McLaren Automotive launched its first sports car in the Middle East last night, going head to head with Ferrari.
Race is on as McLaren pursues Ferrari in showroom
It is not only in the Abu Dhabi Grand Prix that McLaren and Ferrari will go bumper to bumper this weekend.
McLaren launched its first high-performance sports car in the Middle East last night and plans to rapidly expand its retail presence in the region.
But the British car brand has some way to go to catch up with its Italian competitor, as Ferrari yesterday reported accelerating sales across the Middle East.
"Of course they [Ferrari] are our competition," said Greg Levine, the global sales and marketing director for McLaren. "But I do believe that there's sufficient space in the market. We can grow together as brands."
In partnership with Al Habtoor Motors, McLaren has opened a showroom in Dubai and hopes to expand to Abu Dhabi, Doha, Jeddah, Kuwait and Bahrain by the end of March.
McLaren's MP4-12C sports car is now on sale, and Mr Levine hopes to offload 100 cars next year, as well as add a model in each of the next two years.
The MP4-12C costs Dh905,000 (US$246,379), which compares with the starting price for a Ferrari California of Dh770,000 and the 458 Italia model at Dh910,000.
"We will have more expensive and more affordable versions of different cars [than the MP4-12C]," Mr Levine said. "But we will absolutely stay in sports cars."
Ferrari yesterday announced record sales of €1.6 million (Dh8m) for the first nine months of the year, an increase of 18.9 per cent on the same period last year.
The Middle East was one of the fastest-growing regions globally for Ferrari in the period, with a 23 per cent expansion.

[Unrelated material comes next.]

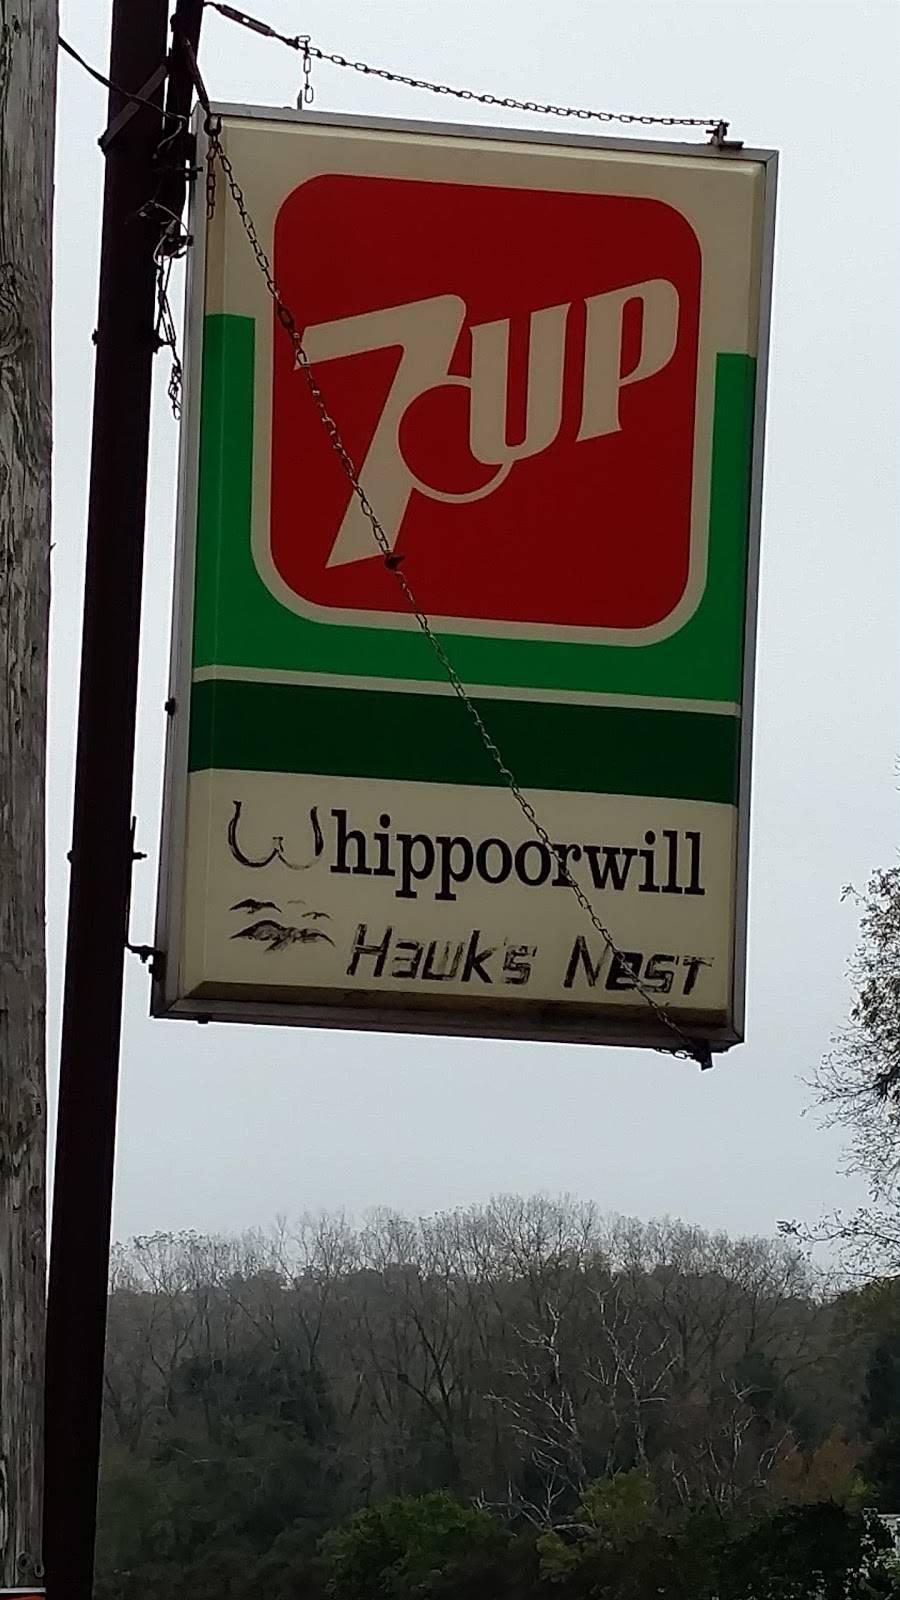 Whippoorwill Hawks Nest - restaurant  | Photo 6 of 10 | Address: 7914 WI-19, Dane, WI 53529, USA | Phone: (608) 798-9991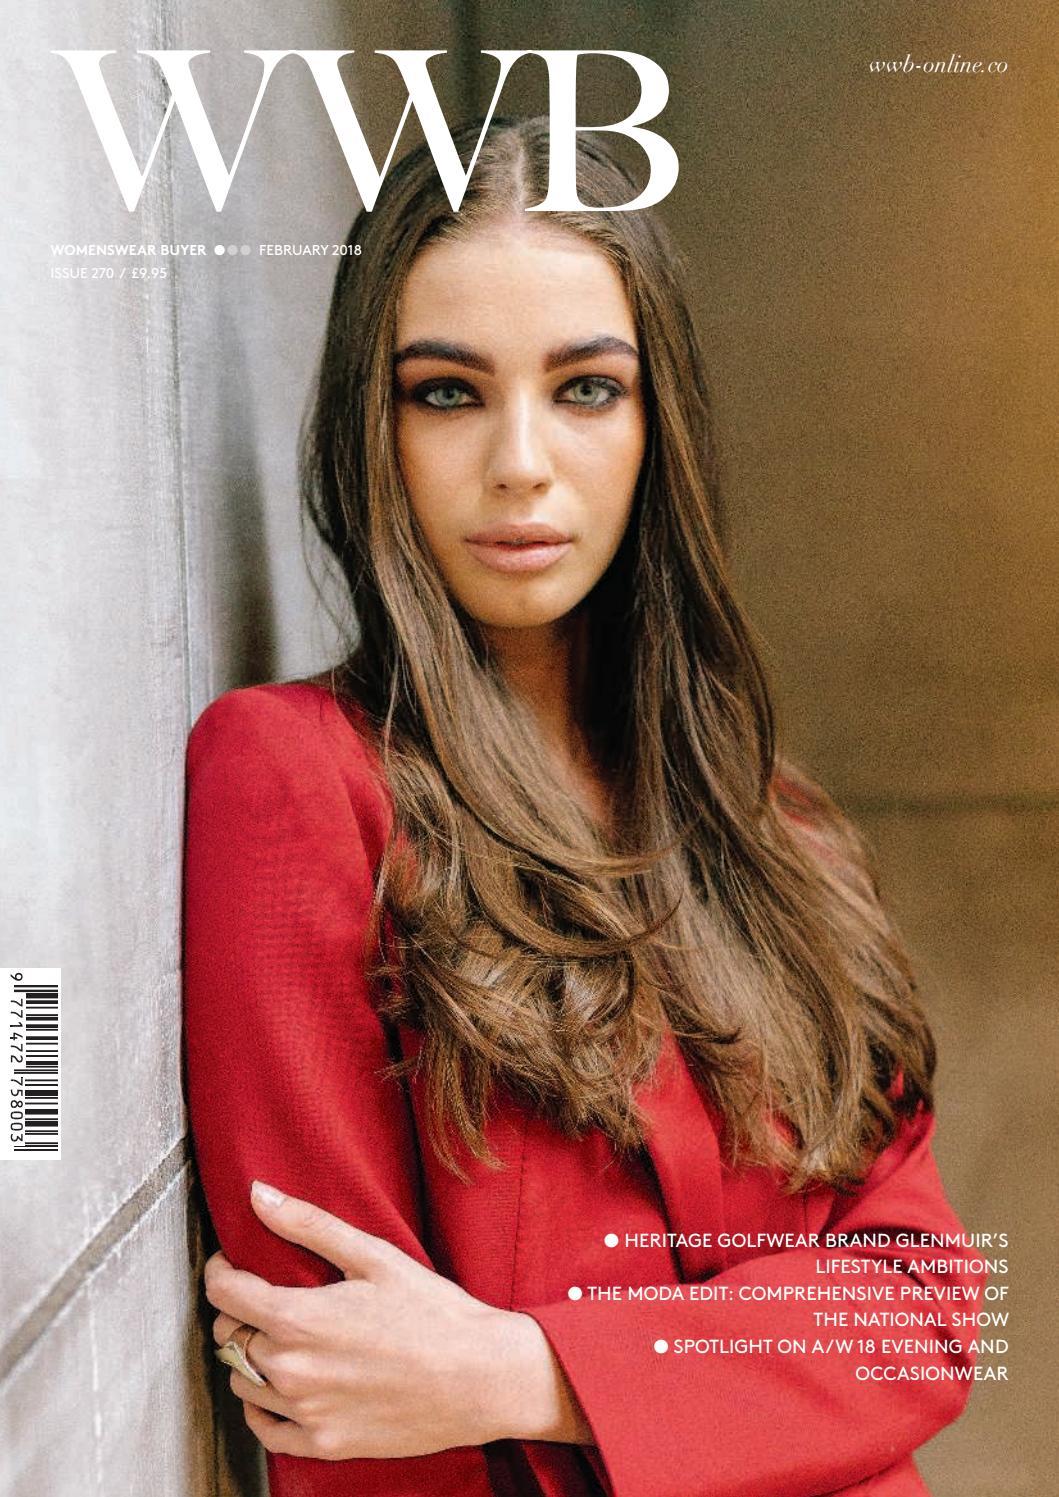 01bf2e125b1e WWB MAGAZINE FEBRUARY 2018 ISSUE 270 by fashion buyers Ltd - issuu

McLaren aims to globally leverage the brand, built from a history of racing dating to 1964.
The MP4-12C first went on sale in July in Europe, followed by South Africa and now the Middle East. Mr Levine hopes to launch in the US next, followed by the Asia-Pacific region and aims to have an initial global network of 35 retailers in 19 countries.
The Middle East and Africa are expected to make up 10 to 15 per cent of total sales once the brand is established.
"My vision is such a simple one," Mr Levine said. "If you ask a child in a playground in the Middle East what car they want when they grow up, they will say a Ferrari or a Lamborghini. In 10 years' time, I want them to say McLaren."